Patent documents that refer to species often refer to lots of species. Species will often be model organisms, or pests or disease vectors that are widely distributed. In some cases species will not be recorded in The Bahamas and the country will be mentioned for other reasons. We do our best to narrow down the data by providing filters for common model organisms and species that are recorded with occurrence records in the Global Biodiversity Information Facility (GBIF)
Taxonomic names and common names are not harmonized yet, so Lemon shark and Negaprion brevirostris appear separately in the results.

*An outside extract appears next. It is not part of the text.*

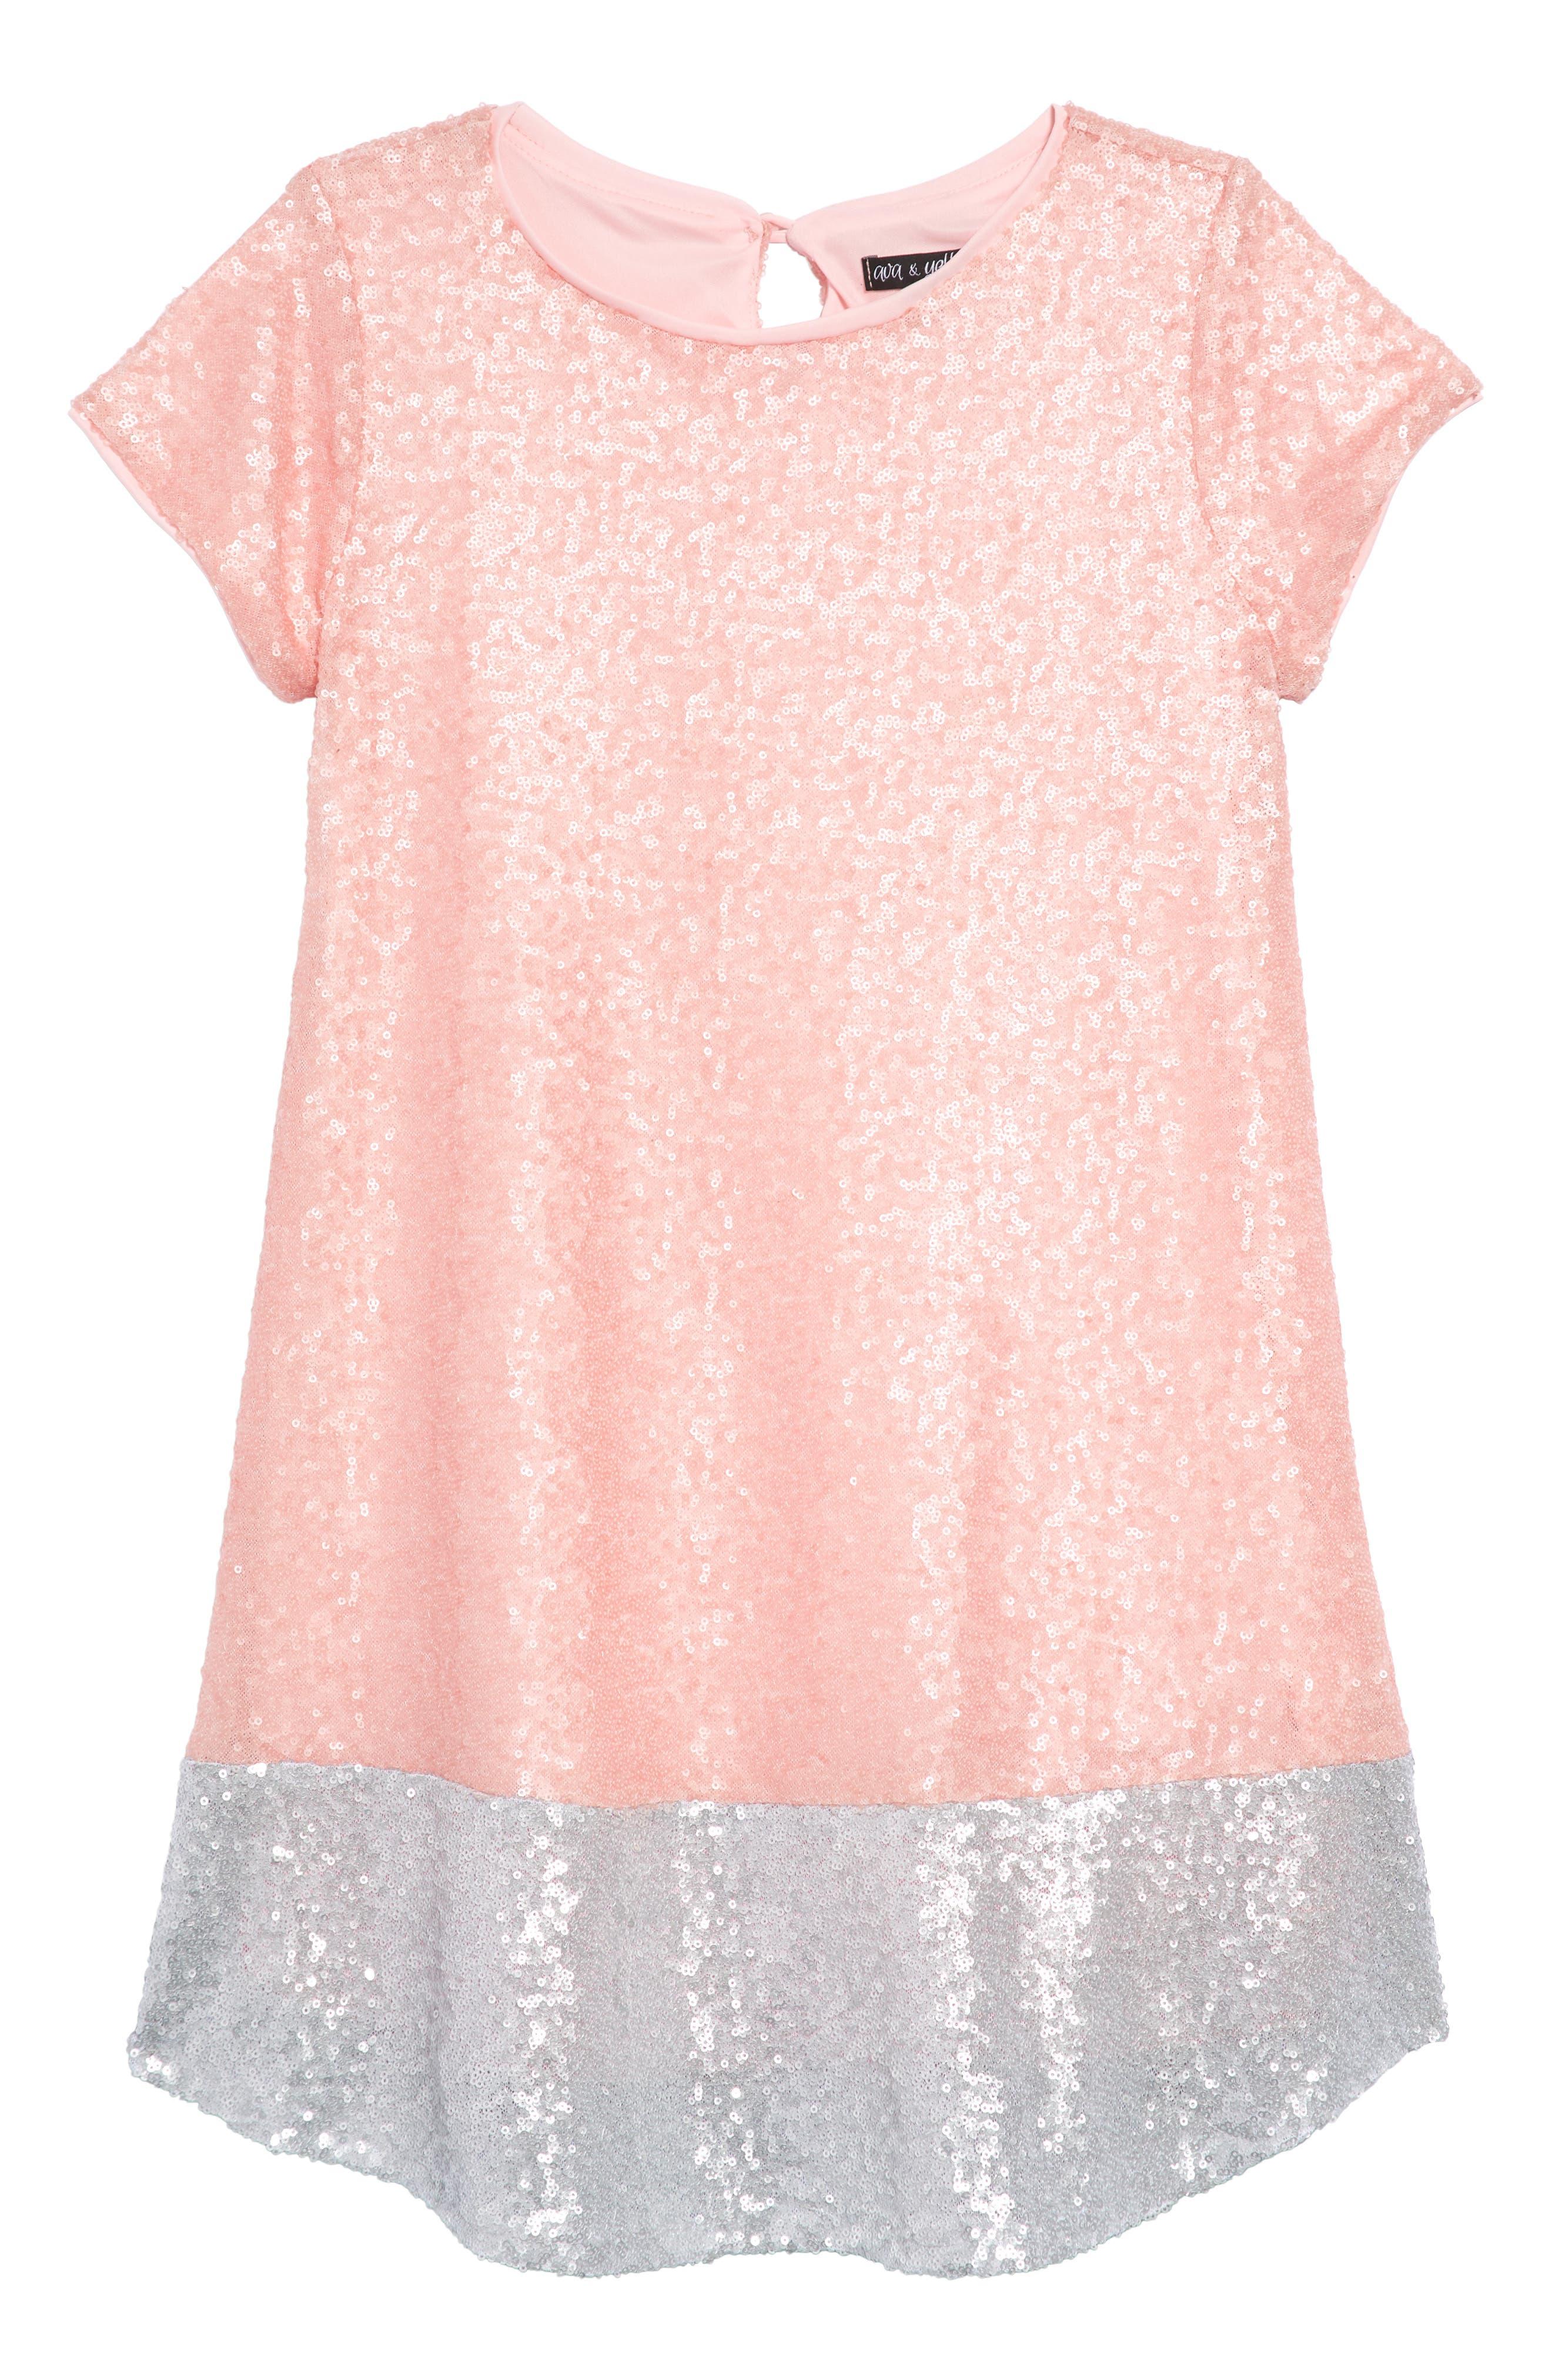 Sequin Shift Dress,                             Main thumbnail 1, color,                             Pink/ Silver

Author, Inventor, Affiliation and Applicant names are not yet fully harmonised (although patent applicant names have been partly cleaned). This means that the name of an author may appear in more than one place with slight variations. Be aware that for common person names such as John Smith distinct persons may be lumped together (and are called lumps) for that reason. These issues will be addressed in future releases.
Schema
The scientific literature and patent datasets are split into a set of tables. Tables can be joined using the lens_id field. Typically you will want inner joins or left joins. In Tableau the tables are left_joined on the lens id with the following schema. Core is the core dataset. The same approach is taken with the patent data.
What are the update plans?
- We intend to move to periodically refresh the data. However, it is unclear that it is possible to automate the update to the Tableau dashboards and we may look at other approaches.
How do I contribute?
If you have suggestions or think that something is missing or wrong please raise an issue on the GitHub repository.